1. In-Memory Serialization (LLM Layer - 64MB)

Format Size Serialize Deserialize Speedup (Deser)
Tenso 64.00 MB 3.51 ms 0.004 ms 1x
Arrow 64.00 MB 7.06 ms 0.011 ms 2.8x slower
SafeTensors 64.00 MB 8.14 ms 2.39 ms 597x slower
Pickle 64.00 MB 2.93 ms 2.71 ms 677x slower
MsgPack 64.00 MB 10.44 ms 3.05 ms 763x slower

Note: Tenso (Vect) variant is even faster with 0.000 ms deserialize time.

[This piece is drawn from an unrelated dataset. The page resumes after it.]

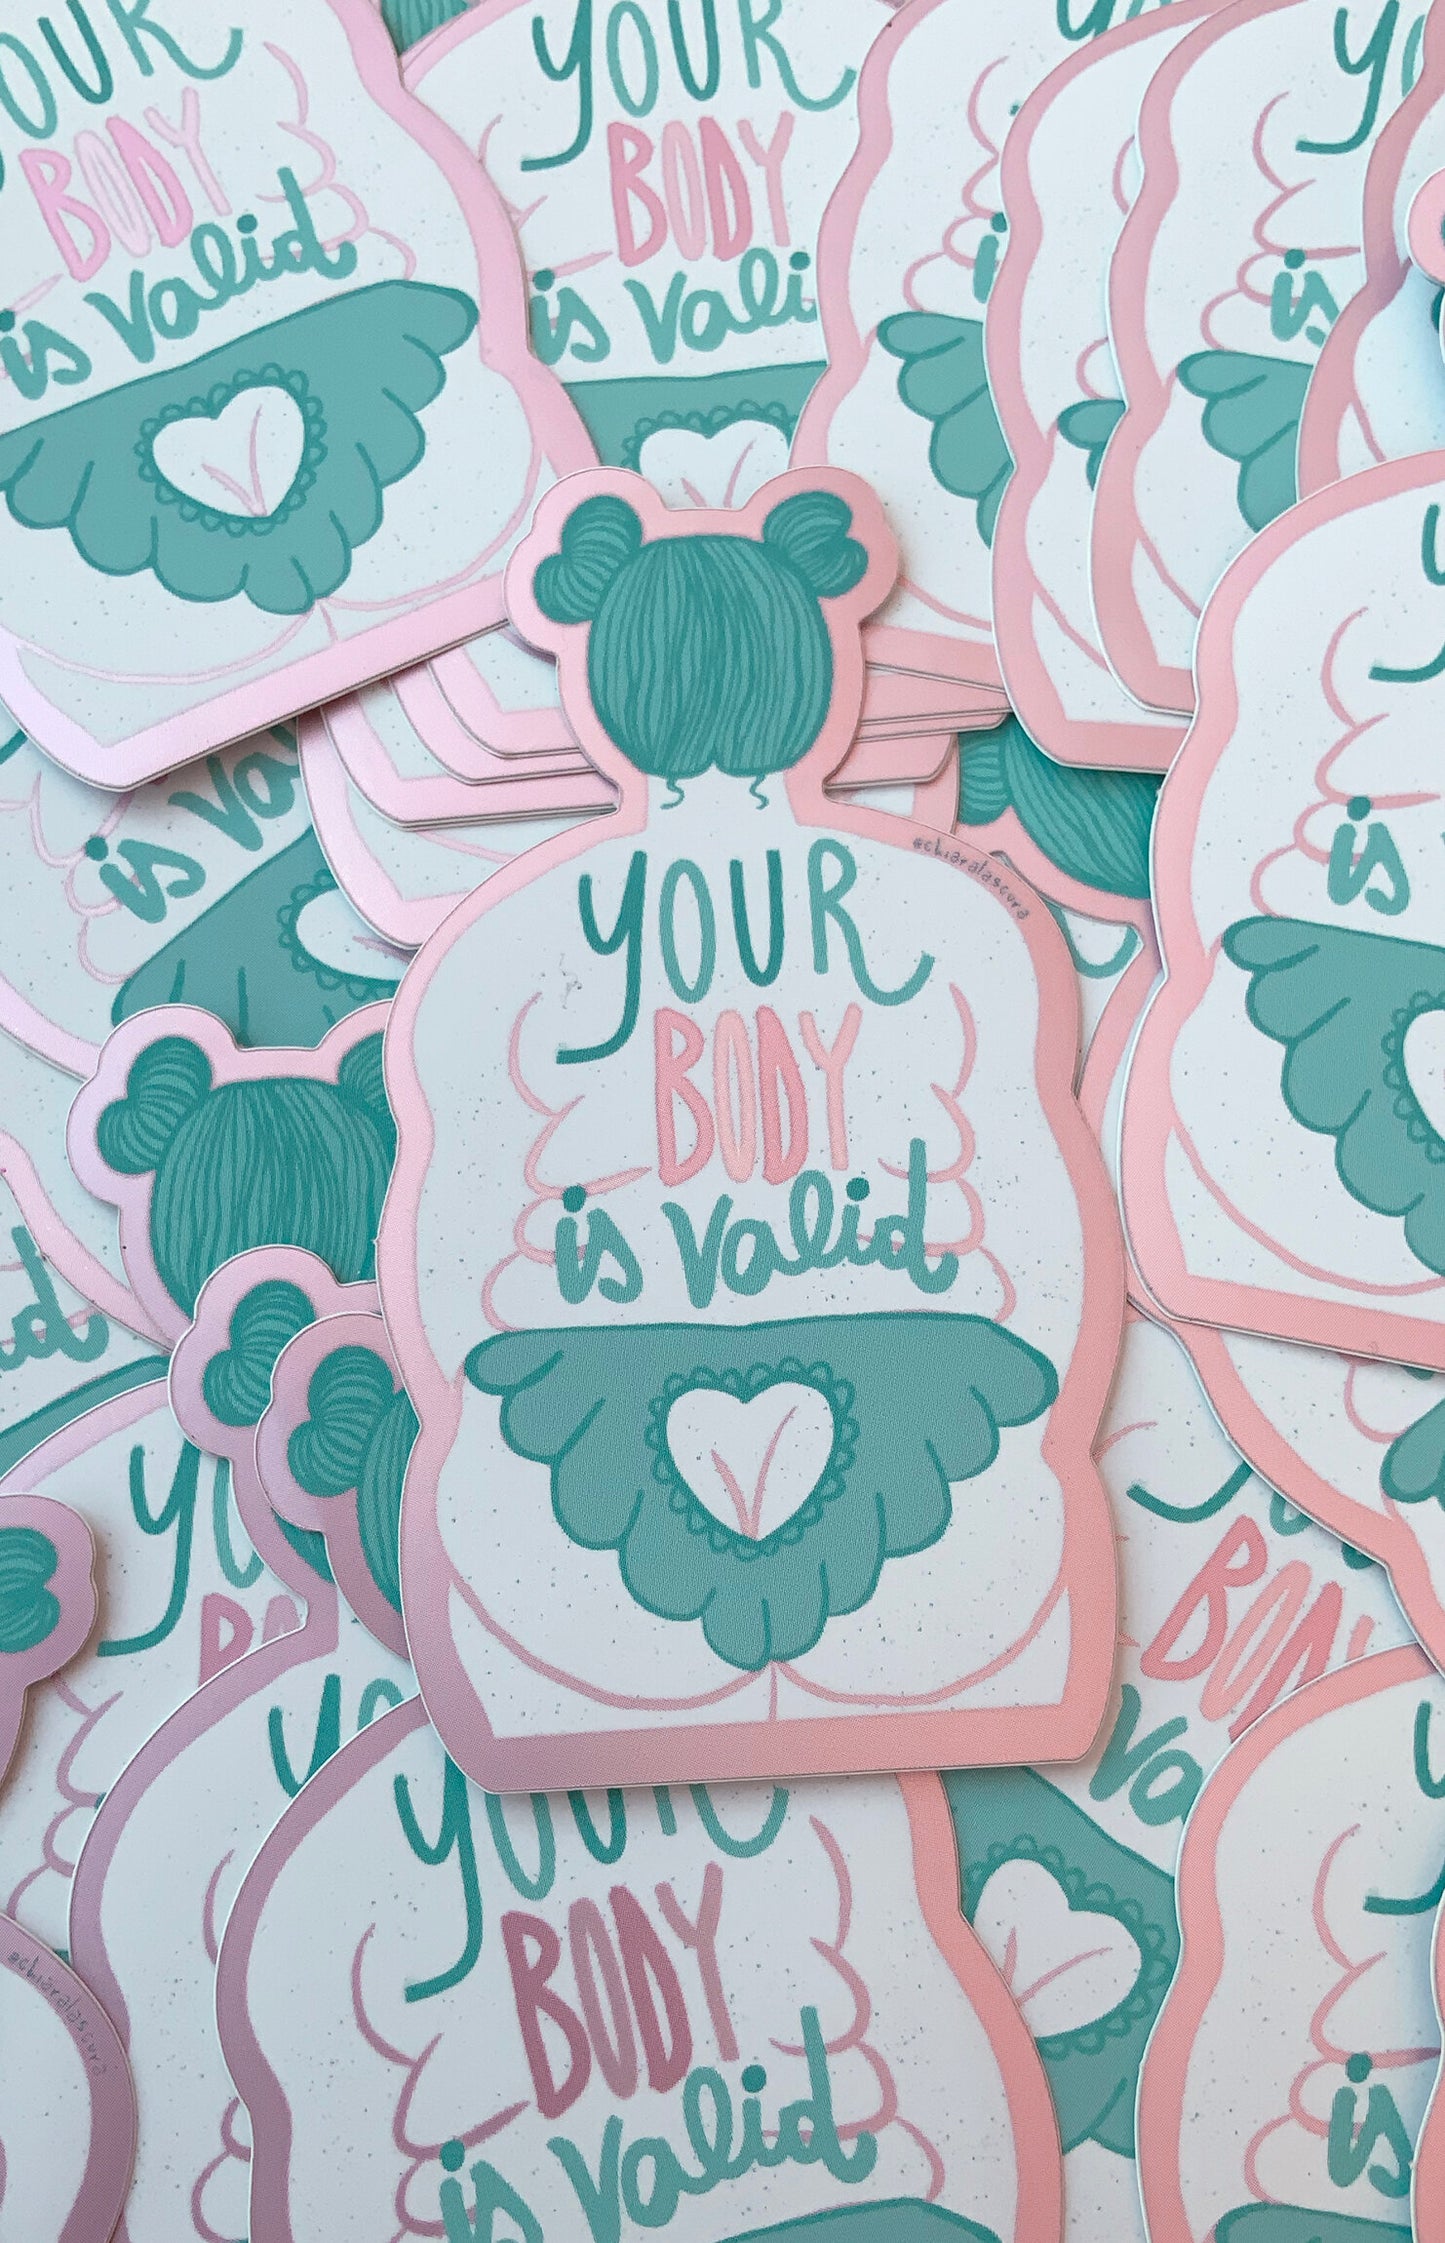 Your body is valid - sticker

2. Disk I/O (256 MB Matrix)

Format Write Read
Tenso 29.41 ms 36.28 ms
NumPy .npy 24.83 ms 43.08 ms
Pickle 49.90 ms 24.24 ms

3. Stream Reading (95 MB Packet)

Method Time Throughput Speedup
Tenso read_stream 7.68 ms 12,417 MB/s 1x
Optimised Loop 13.89 ms 7,396 MB/s 1.9x slower

4. CPU Usage (Efficiency)

Format Serialize CPU% Deserialize CPU%
Tenso 117.3% 0.8%
Arrow 57.1% 1.0%
SafeTensors 67.1% 37.1%
Pickle 44.0% 40.9%

5. Arrow vs Tenso (Comparison)

Size Tenso Ser Arrow Ser Tenso Des Arrow Des Speedup
Small 0.130ms 0.056ms 0.009ms 0.035ms 4.1x
Medium 0.972ms 0.912ms 0.020ms 0.040ms 2.0x
Large 3.166ms 3.655ms 0.019ms 0.222ms 11.8x
XLarge 19.086ms 28.726ms 0.023ms 0.733ms 32.0x

6. Network Performance

  • Packet Throughput: 89,183 packets/sec (over localhost TCP)
  • Latency: 11.2 µs/packet
  • Async Write Throughput: 88,397 MB/s (1.4M tensors/sec)

Installation

pip install tenso

Optional extras:

pip install tenso[ray]    # Ray integration
pip install tenso[gpu]    # GPU acceleration (CuPy/PyTorch/JAX)
pip install tenso[grpc]   # gRPC support

Quick Start

Basic Serialization

import numpy as np
import tenso

# Create tensor
data = np.random.rand(1024, 1024).astype(np.float32)

# Serialize
packet = tenso.dumps(data)

# Deserialize (Zero-copy view)
restored = tenso.loads(packet)

Async I/O

import asyncio
import tenso

async def handle_client(reader, writer):
    # Asynchronously read a tensor from the stream
    data = await tenso.aread_stream(reader)
    
    # Process and write back
    await tenso.awrite_stream(data * 2, writer)

FastAPI Integration

from fastapi import FastAPI
import numpy as np
from tenso.fastapi import TensoResponse

app = FastAPI()

@app.get("/tensor")
async def get_tensor():
    data = np.ones((1024, 1024), dtype=np.float32)
    return TensoResponse(data) # Zero-copy streaming response

Advanced Features

Ray Integration (Distributed Computing)

Replace pickle-based serialization in Ray with Tenso for 46x less CPU overhead on tensor operations. Works transparently with ray.put(), ray.get(), remote functions, and actors.

import ray
import numpy as np
from tenso.ray import register

ray.init()
register()  # Register Tenso as the serializer for numpy arrays

# All ray.put/get operations now use Tenso
ref = ray.put(np.zeros((1000, 1000)))
arr = ray.get(ref)  # Deserialized via Tenso

# Works transparently with remote functions
@ray.remote
def process(tensor):
    return tensor.mean()

ray.get(process.remote(np.random.randn(1000, 1000)))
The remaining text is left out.